Each year companies spend millions on preparing managers to be effective in their roles. Coaching, delegating, and counseling are some of the usual topics covered in management training. But one topic that isn’t emphasized as much in training, but often separates good managers from others, is the habit of following through on commitments.
“Many people don’t focus enough on execution. If you make a commitment to get something done, you need to follow through on that commitment.” ~ Kenneth I. Chenault
Whether it is a commitment to follow through on an employee’s simple request, or a promise made after a performance evaluation meeting, managers not following through can cause distrust among their employees. A national study conducted by Ultimate Software revealed:
For 93% of employees, trust in their direct boss is essential to staying satisfied at work, and over half of employees surveyed say if they aren’t satisfied at work, they can’t put forth their best effort.

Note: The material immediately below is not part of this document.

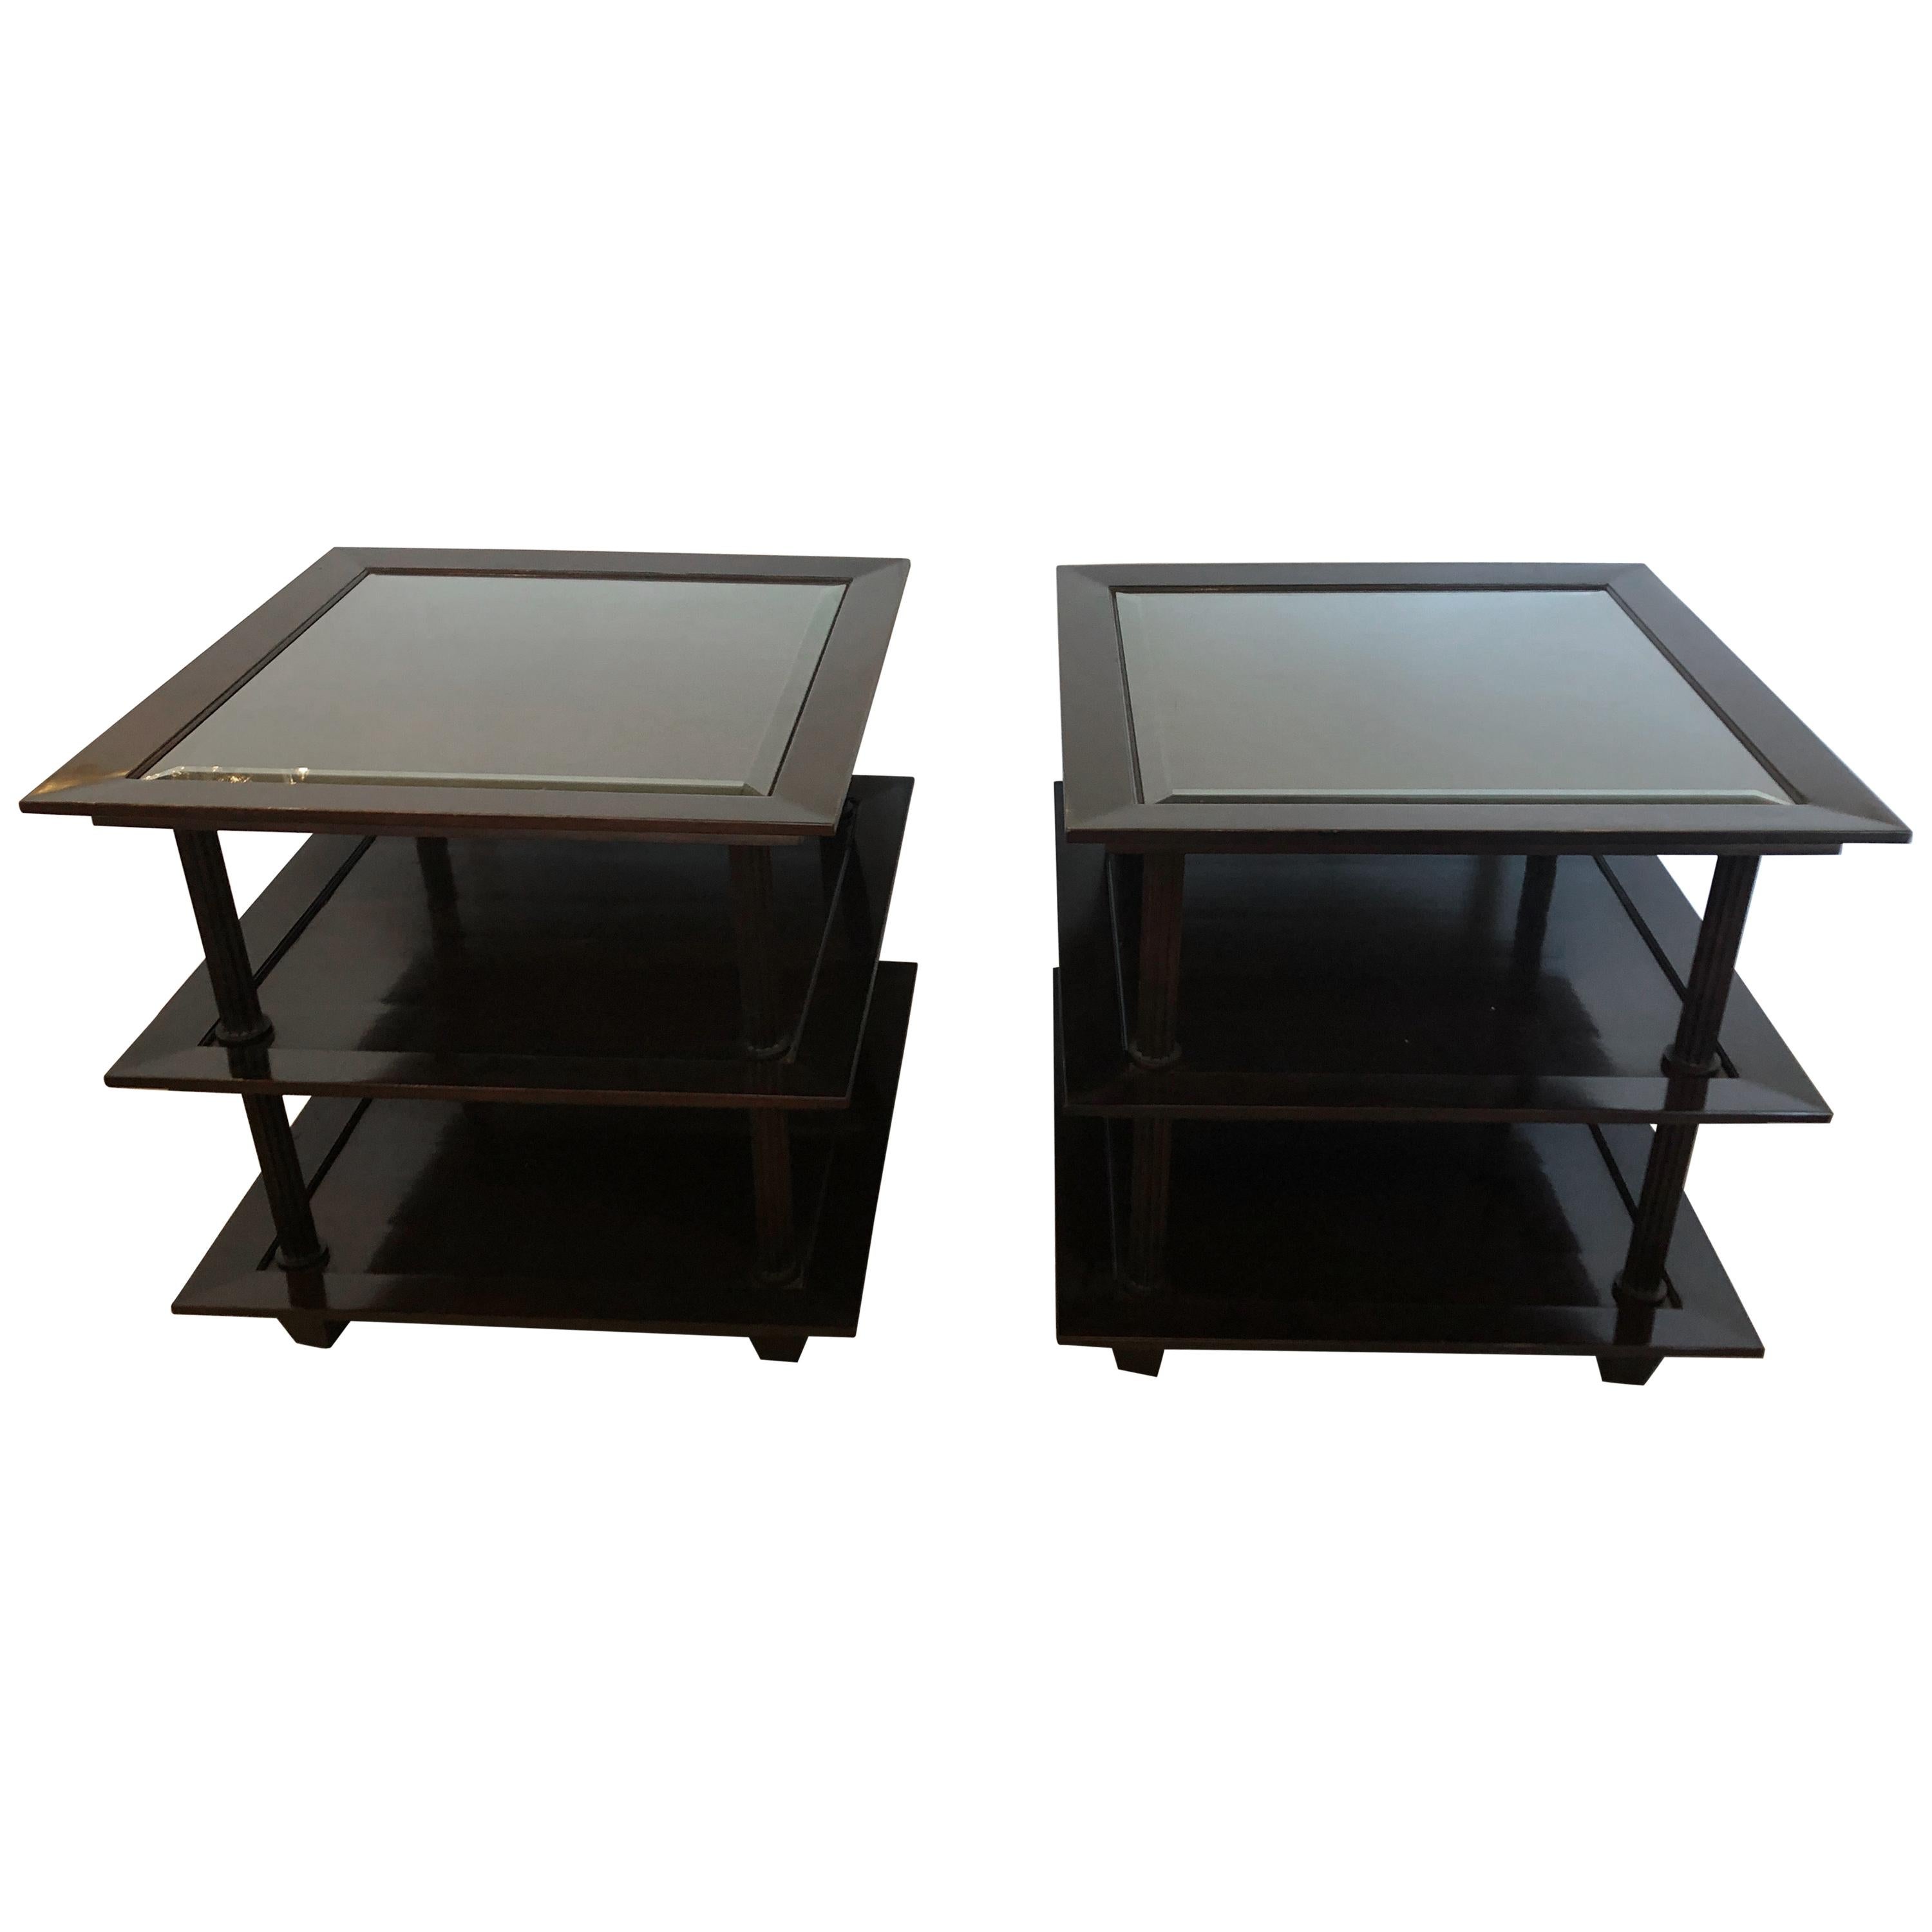 Sophisticated Pair of Barbara Barry 3-Tier Side Tables with Java Finish

Furthermore, employees will begin to speculate in their mind about the reason for the lack of follow through, and often perceive something that is not in line with the truth, and is unfavorable to the manager. And you know what they say, “perception is reality.”

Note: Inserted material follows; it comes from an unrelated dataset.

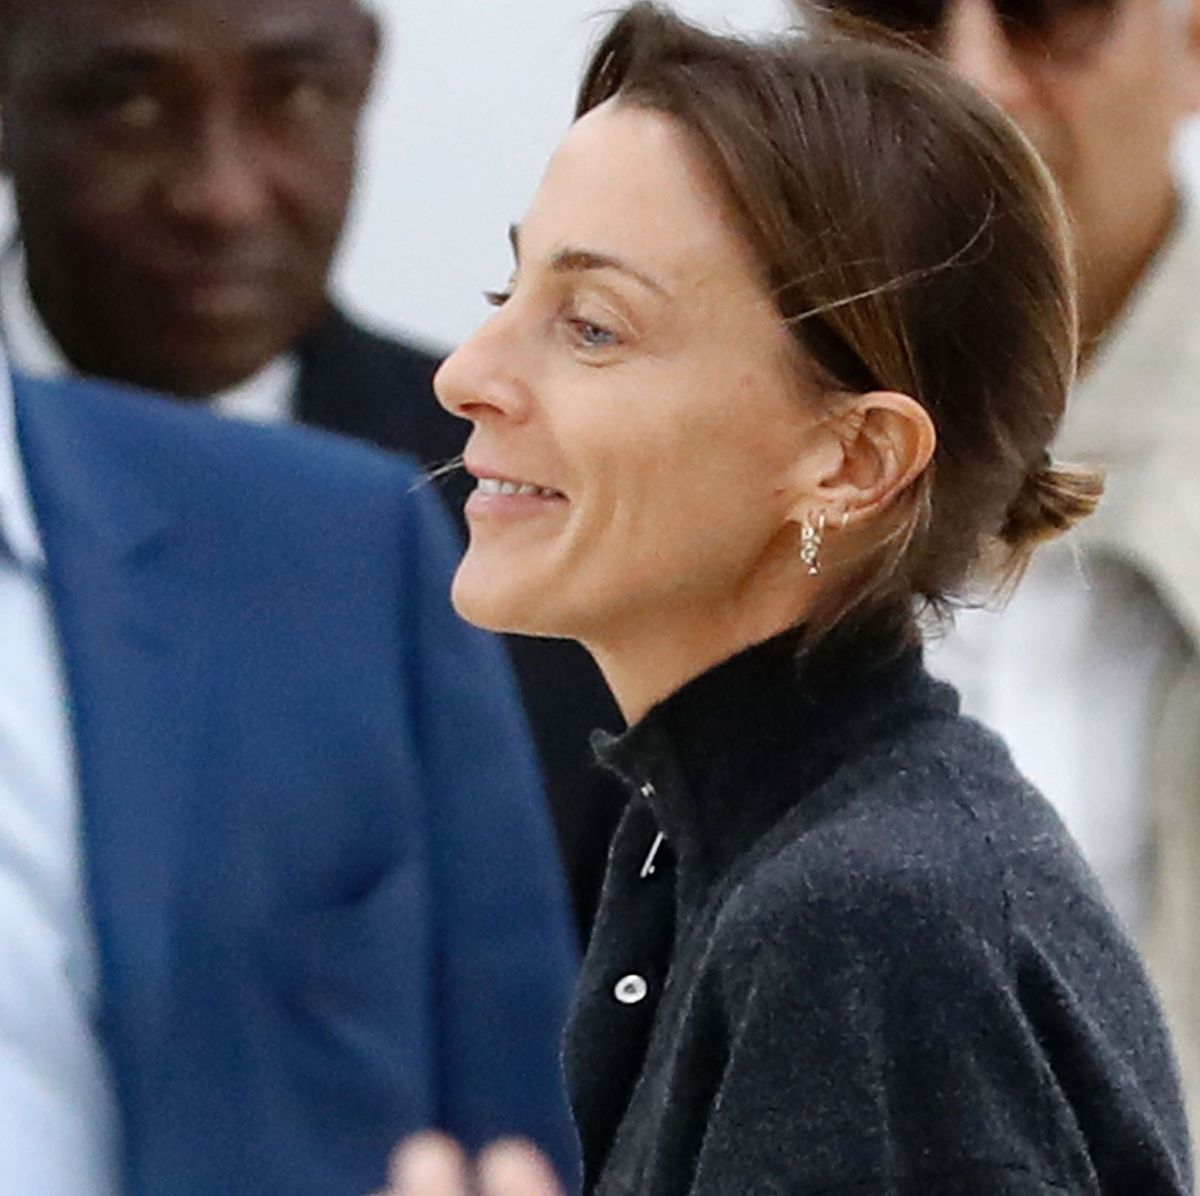 In the chaos of PFW, Phoebe Philo ushers in calm at Céline

Managers can avoid distrust by simply following through on commitments to employees by observing these guidelines:
- Be realistic about what you commit to or promise. Factor in your time, the timing of the request, how much control you have over the outcome, and whether the request is something that is reasonable or practical for the employee.
- Set a time frame with your employees and get back with them during that time. Try to avoid non-specific timeframes like “in a few weeks,” as that means different things to different people. Make it a definite time frame, set a tickler to remind you of your commitment, and honor that time frame.
- If you are unable to commit in the agreed upon timeframe, tell the employee. Reset the time parameters. It is okay to say you need more time to work on a request. It is better to be honest and update the employee on the progress of the commitment than pretend the commitment deadline hasn’t passed.
- Don’t delay because you have bad news or can’t deliver on a promise. It is better to bring the issue to an end rather than to do nothing or procrastinate. Learning the art of having difficult conversations can help with these types of follow-through commitments. That way you do not delay, further undermining the trust between you and the employee.
Establishing a system of follow-through will develop trust among you and your team. When your employees can trust that you will do as you say, they will in turn work harder for you. Remember they are watching everything you say and do. Your reputation is built on it. It also sets an example on how you want your team to operate and follow through on their commitments. The formula – follow through, build trust, and set the example.